LUI. Sous tous les rapports.
ELLE. Même intimes?
LUI. Surtout intimes.
ELLE. Et vous n’avez même pas envie, parfois, de changement?
LUI. Pas envie.
ELLE. Vous mentez. C’est contraire à la nature de l’homme. Vous devriez le savoir, vous qui êtes biologiste. Ou psychologue?
LUI. (Étonné). Comment sais-tu que… (Avec méfiance.) Tu m’espionnes, ma parole. Je n’aime pas ça.
ELLE. (riant de son air intrigué). Je lis dans les traits du visage.
LUI. Non, sérieusement.
ELLE. C’est sérieux, je lis dans les traits du visage. Et aussi l’insigne que vous portez sur la veste. « Quatrième conférence internationale de psychologie ». Car vous êtes ici pour la conférence?
LUI. Oui, c’est exact.
ELLE. Vous avez fait une intervention?
LUI. Oui.
ELLE. Alors, que dit votre psychobiologie? L’homme a-t-il envie de changement ou pas?
LUI. (Sombre.). En tout cas, pas avec des femmes telles que toi.

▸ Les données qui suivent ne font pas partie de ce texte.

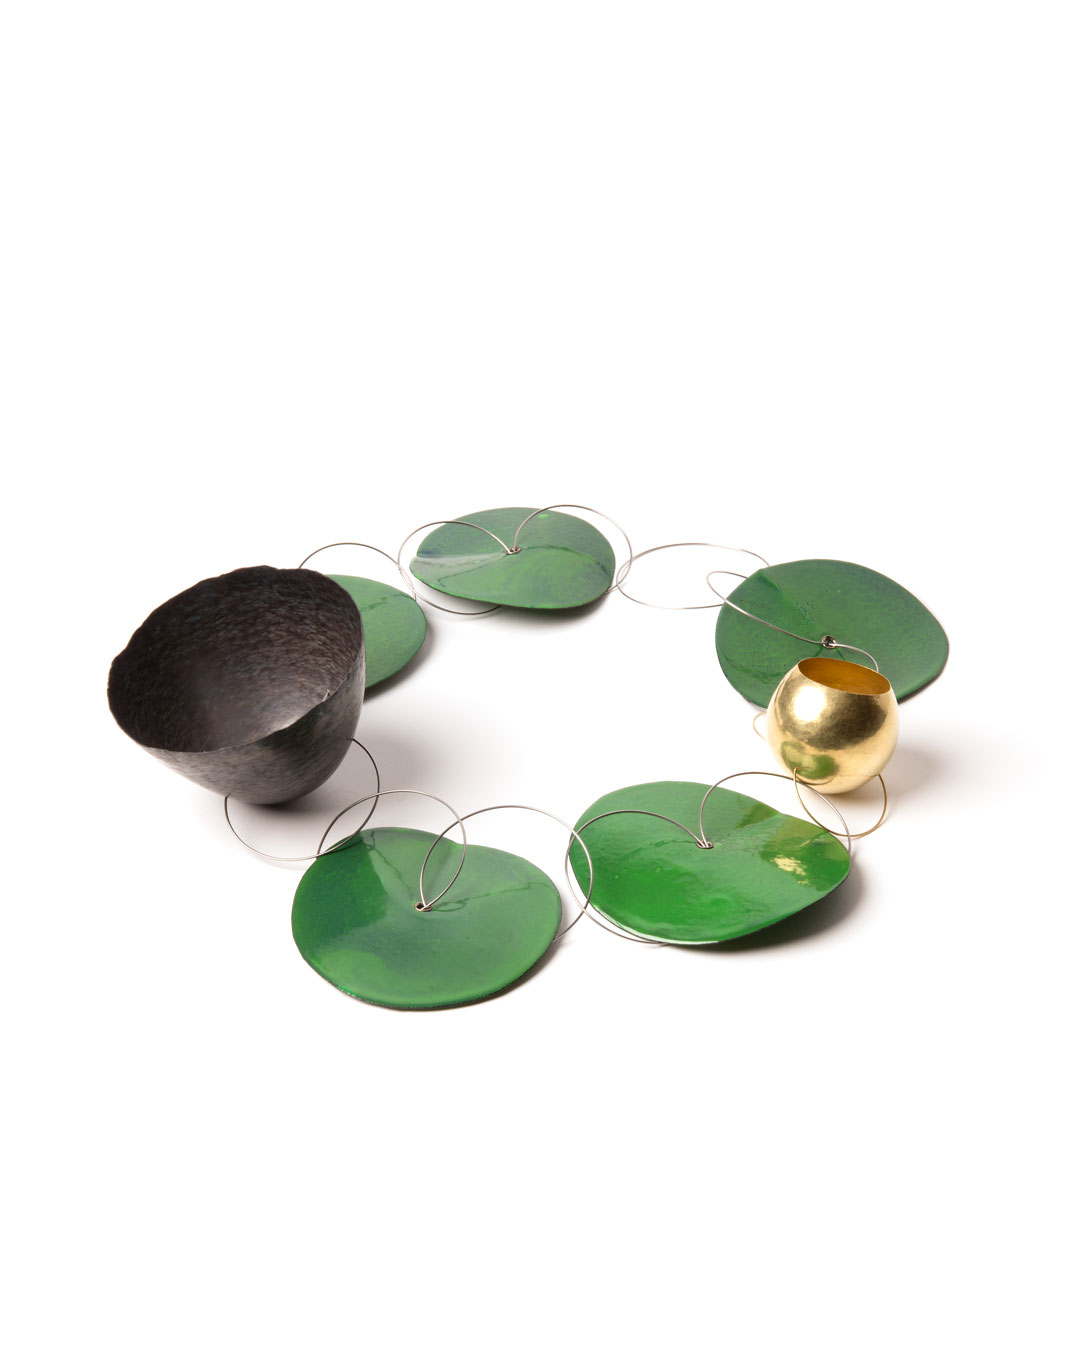 Andrea Wippermann, Garten - Die Nacht (Garden – The Night), 2015, necklace; gold, titanium, enamelled steel, stainless steel, silver, D 90 mm, H 60 mm, €9500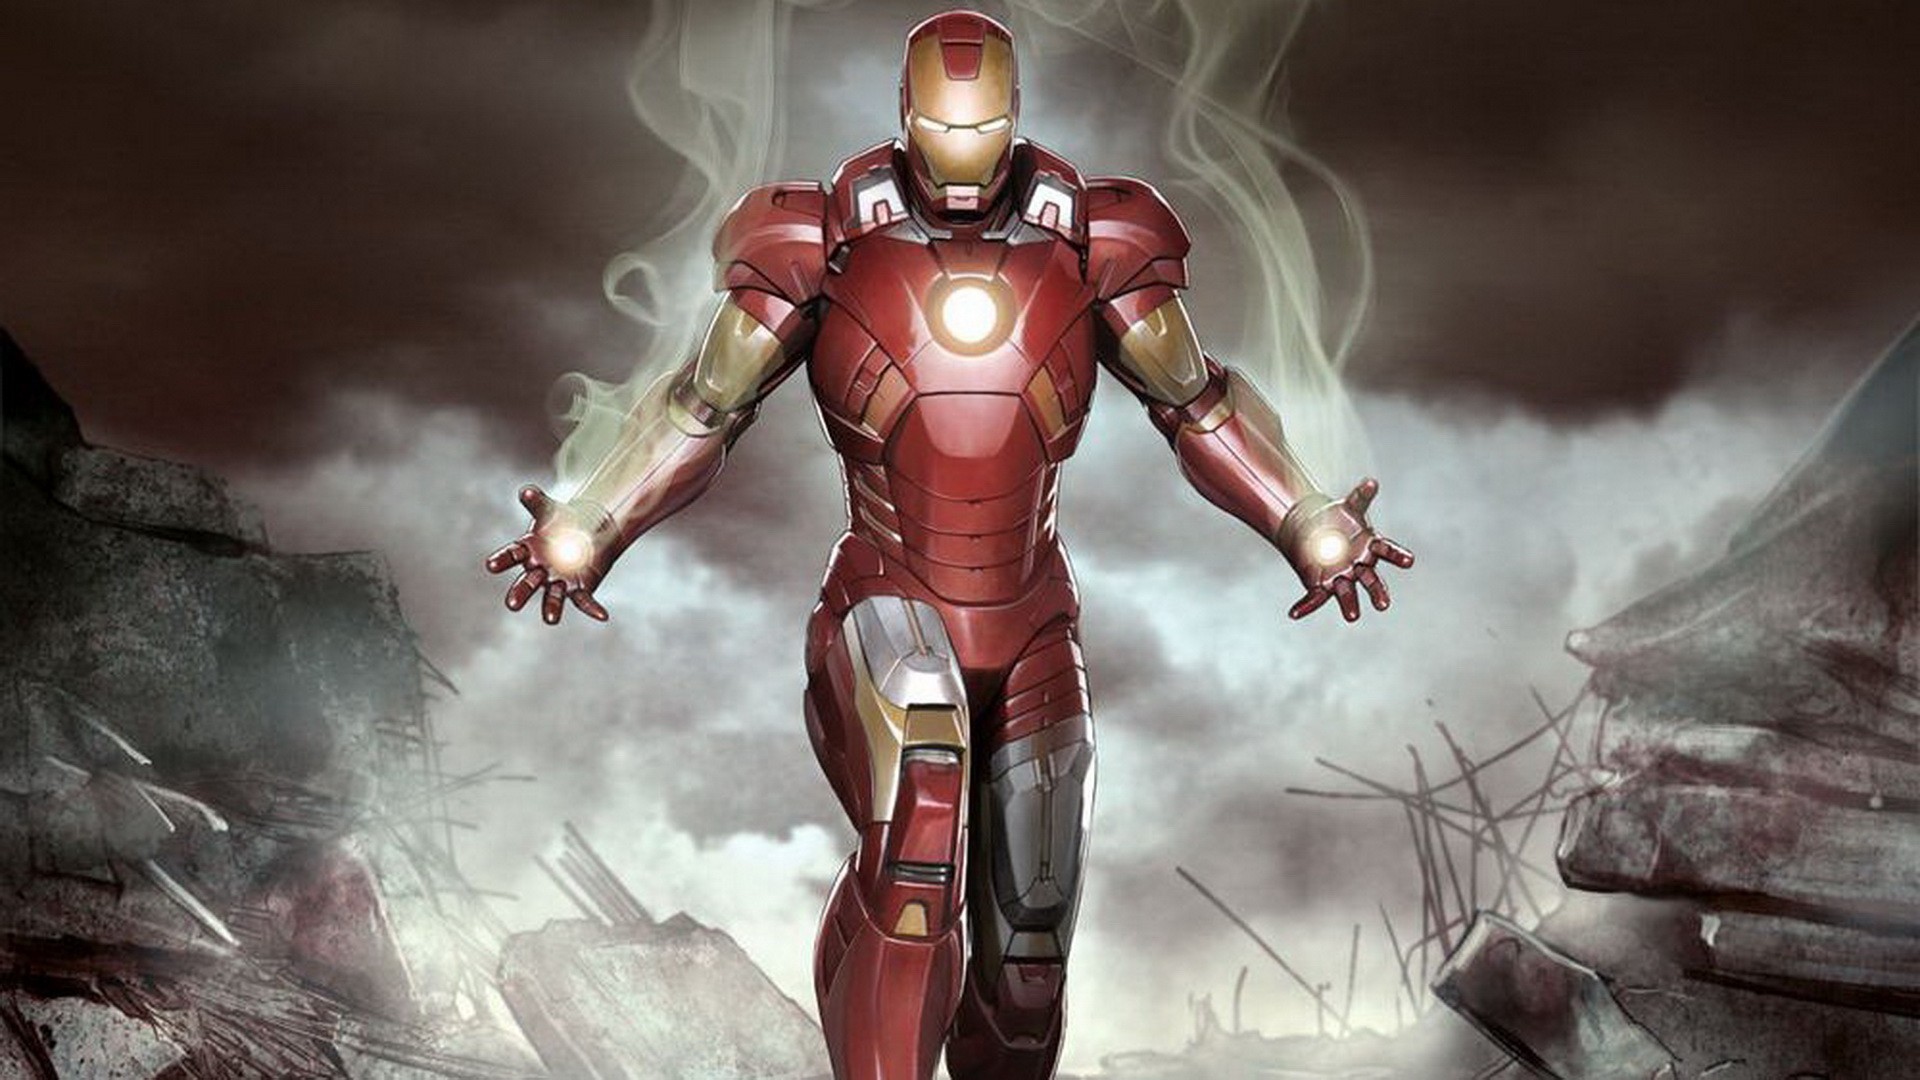 Iron Man comic cartoon wallpaper HD | PixelsTalk.Net

ELLE. Merci, vous êtes très aimable.
LUI. Je dis simplement les choses comme elles sont.
ELLE. Mais si vous dites les choses comme elles sont, avouez donc que votre mariage n’est pas vraiment une réussite.
LUI. Qu’est-ce qui te fait dire ça?
ELLE. Je le vois au ton sur lequel vous en parlez, ou plus exactement ne voulez pas en parler. Du reste, les mariages, en général, sont rarement une réussite. C’est pourquoi, il n’est pas difficile de deviner.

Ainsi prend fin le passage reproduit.